As debate continues about the potential for a fiduciary duty to be imposed on (most) advisors, either by the Department of Labor or the SEC (or both!), an implicit and sometimes explicit objection to the proposed changes are that it may be extremely "disruptive" to existing business models, and that many advisors couldn't survive without having the opportunity to charge at least some commissions in some circumstances to some clients (or alternatively that a large segment of the public would lose access to an "advisor" altogether if commissions are banned).
However, as today's guest blog post from legislative and regulatory consultant Duane Thompson explores, the reality is that commissions and a fiduciary duty are not entirely inconsistent with one another. In point of fact, even the Investment Advisers Act of 1940 does potentially allow for some commissions, and a look at the history of fiduciary law reveals other situations where a fiduciary duty and at least some forms of commissions have been allowed to co-exist (and client advice or advisor business models haven't necessarily been harmed as a result).

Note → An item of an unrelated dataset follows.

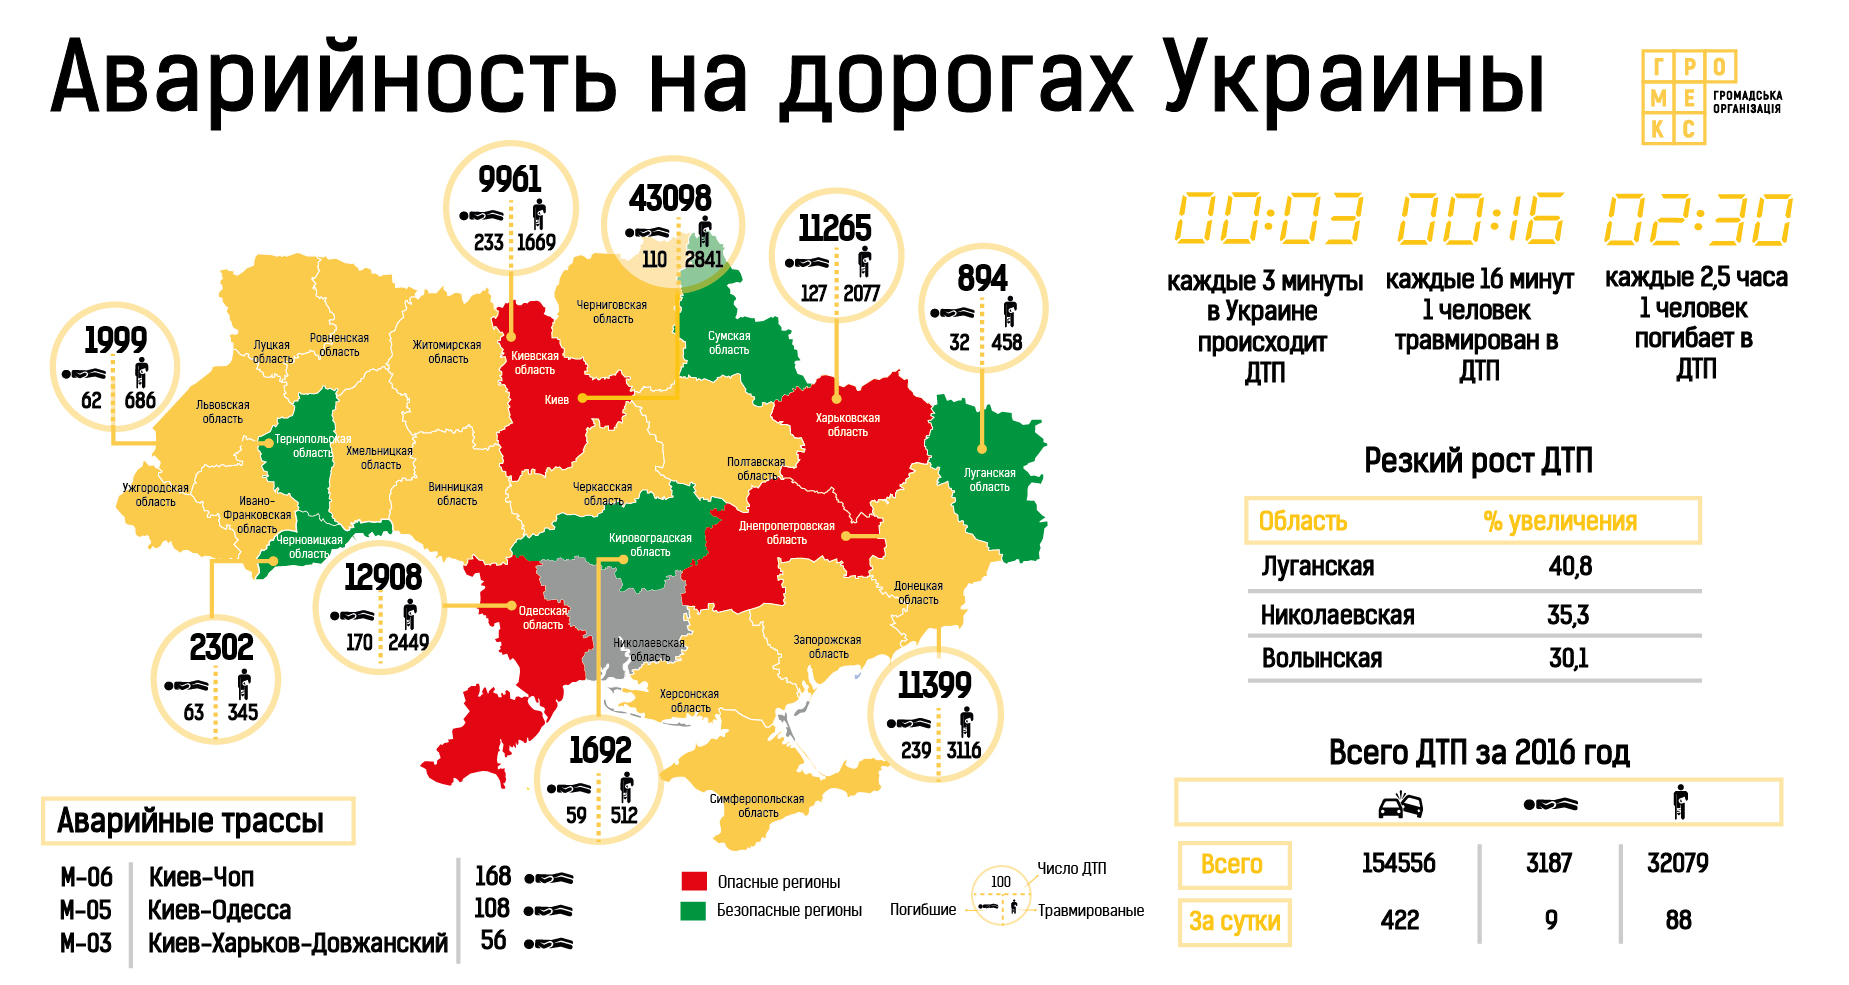 Одесская область признана самой аварийно-опасной в государстве

Certainly, the reality is that many forms of today's commissions would not be permissible under a robust fiduciary duty for advisors, but ultimately a fiduciary duty is largely about being able to demonstrate a process that was followed to affirm that a recommendation meant the joint duties of loyalty and care to the client... not that a fiduciary duty explicitly bans any and all forms of commissions. Nor are all commissions necessarily fatal conflicts of interest anyway, as evidenced by the fact that 12(b)-1 fees and investment adviser AUM fees often amount to near-identical compensation for near-identical recommendations to clients (even though technically one is a form of commission and the other is not). At a minimum, though, it's important to recognize that the fiduciary duty is not merely about permitting some types of compensation and banning others, but instead requires a more nuanced look at the advisor and the processes that he/she follows in implementing advice with clients... and that perhaps it's time in the fiduciary discussion to focus less on types of compensation paid for advice, and more on the standards and processes that advisors are expected to adhere to in delivering that advice!